Of course, the researcher might have found that in fact the tool did nothing to help teaching and learning. That’s not something that gives every ed-tech entrepreneur (or her/his investors) much pause, unfortunately.
But a strong nod to what you say about the importance of disciplinarity here. We need all hands on deck — not just the MBAs and not just the software developers and not just the cognitive scientists. And I think we all — educators, learners, institutions, entrepreneurs — need to approach all of ed-tech with more criticism and more agility.
Michael Feldstein says
I hope I’m not coming across as an apologist for capitalism. I believe in the value of institutionally-based open efforts like the Sakai and Jasig as well as grass-roots efforts like the academically-driven MOOCs. Markets aren’t the solution to every educational problem. But it’s not an either/or thing for me, and I think it particularly important for academics to understand how the markets work and become more active participants and educated consumers. If they do that, then ed tech companies will get more sophisticated about providing educationally sound solutions. They are driven by what the demands of their customers. Ed tech companies have limited motivation to get more educationally sophisticated if they are not rewarded for doing so. The structural nature of markets is such that companies’ survival depends on selling things that they can get paid for, regardless of whether they think they can build other things that have more social value. So the key to aligning the engine of capitalism with the goal for education is to be more willing to pay for goods, services, and corporate behaviors that are helpful to educational quality and access and less willing to pay for those that are not.
John Cammack says
A wonderful and thoughtful piece.
Having just attended the Imagine K-12 presentations (nine companies pitching to potential investors) I noticed almost none of the nine were started by educators, and in fact, many had no educators or learning experts on their advisory boards. Getting a balanced mix of good coders , an operator, a master teacher with behavioral wisdom and a learning expert with cognitive insights seem obvious to me, yet this mix of skills is rarely compiled for many ed start ups.

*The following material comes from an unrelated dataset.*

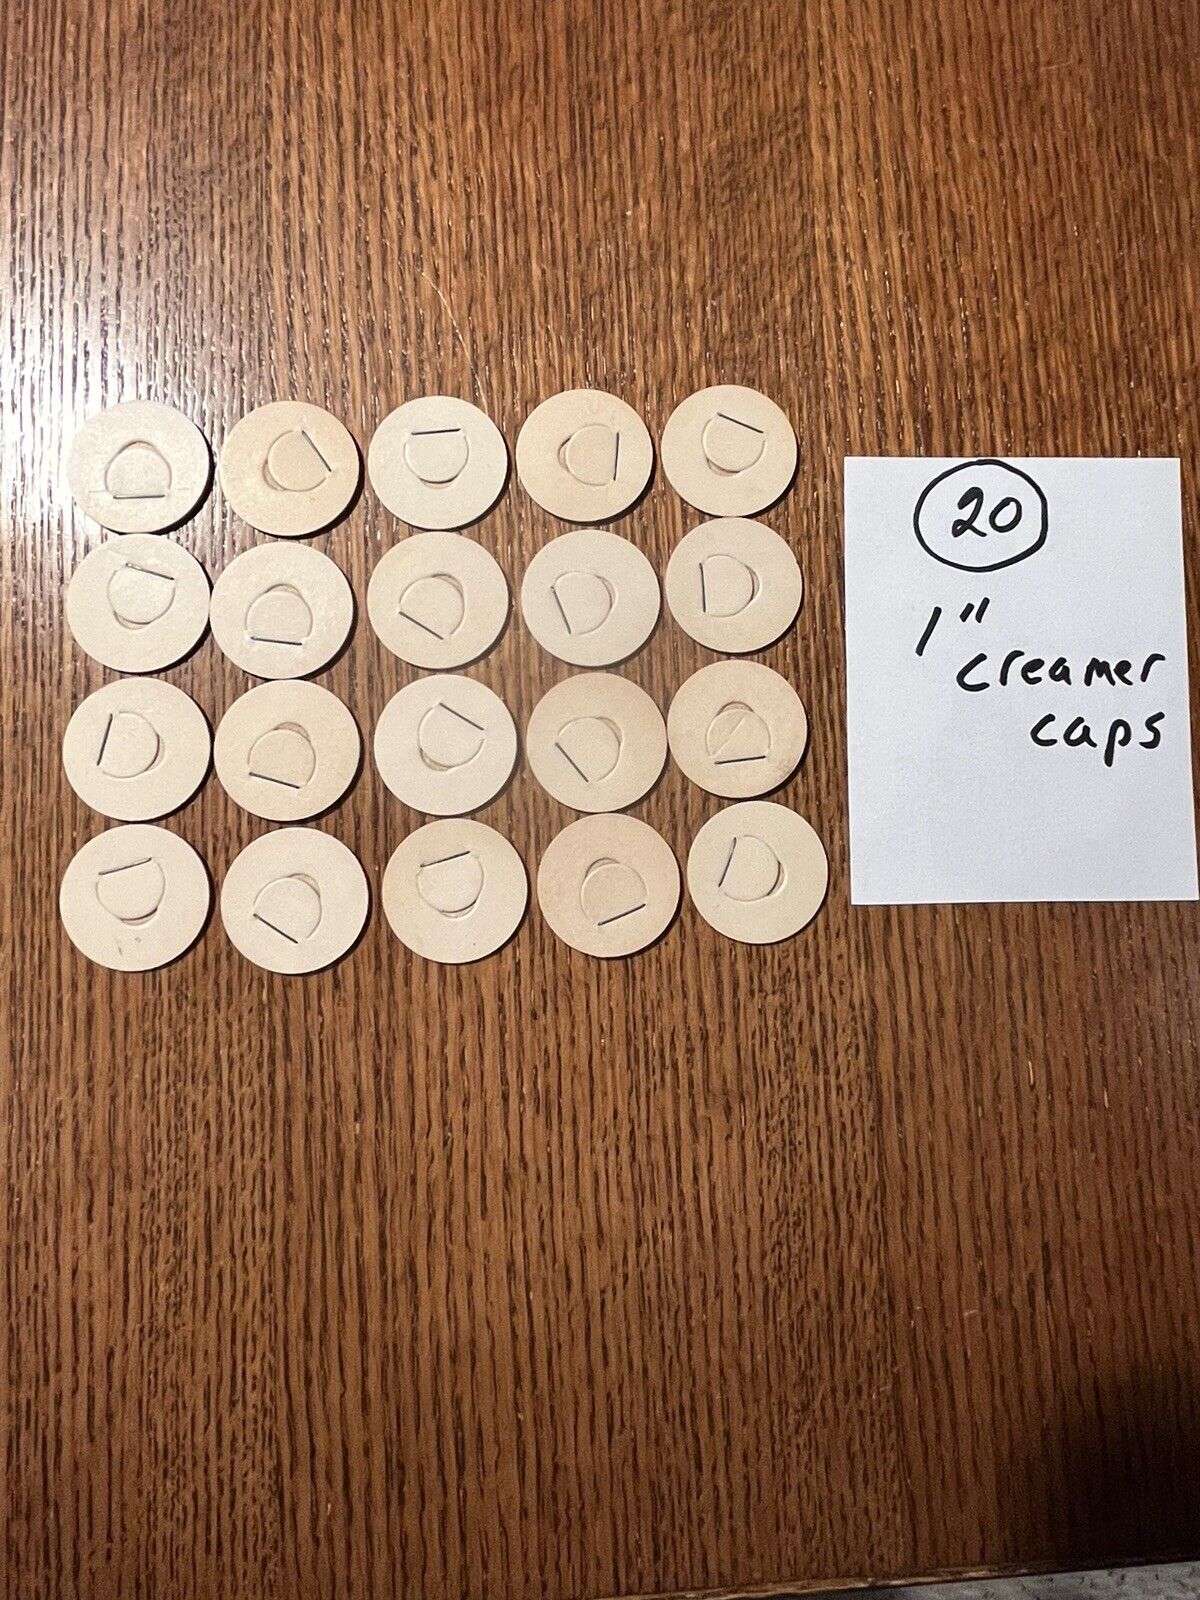 Lot of 20 small creamer caps milk caps 1” in diameter

A summer institute for teacherpreneurs to develop a business or app concept supported by the right mix of serial entrepreneurs (west coast model) , master teachers, learning experts and instructional advisers (east coast model) might lead to more successful ed start ups, a few of which can be truly transformative.
Matthew Ho says
Michael – great post. You’ve outlined a lot of the interesting debates in the ed tech space.
There is definitely something that edupreneurs can learn from teachers, and vice versa. As an entrepreneur working in this space, I have found it not that easy to get access to schools and teachers to get their input. Reaching schools has been difficult.
I’m one of the founders of Native Tongue, and we’re driven by our purpose to make learning languages fun and easy. We are helping people learn a language. I feel that we are making a difference (even if its a small dent in the world!). Edupreneurs are driven by the fact that we are doing something that is world changing and also meaningful.
Or would you rather us put our energy and effort into other ideas outside of education?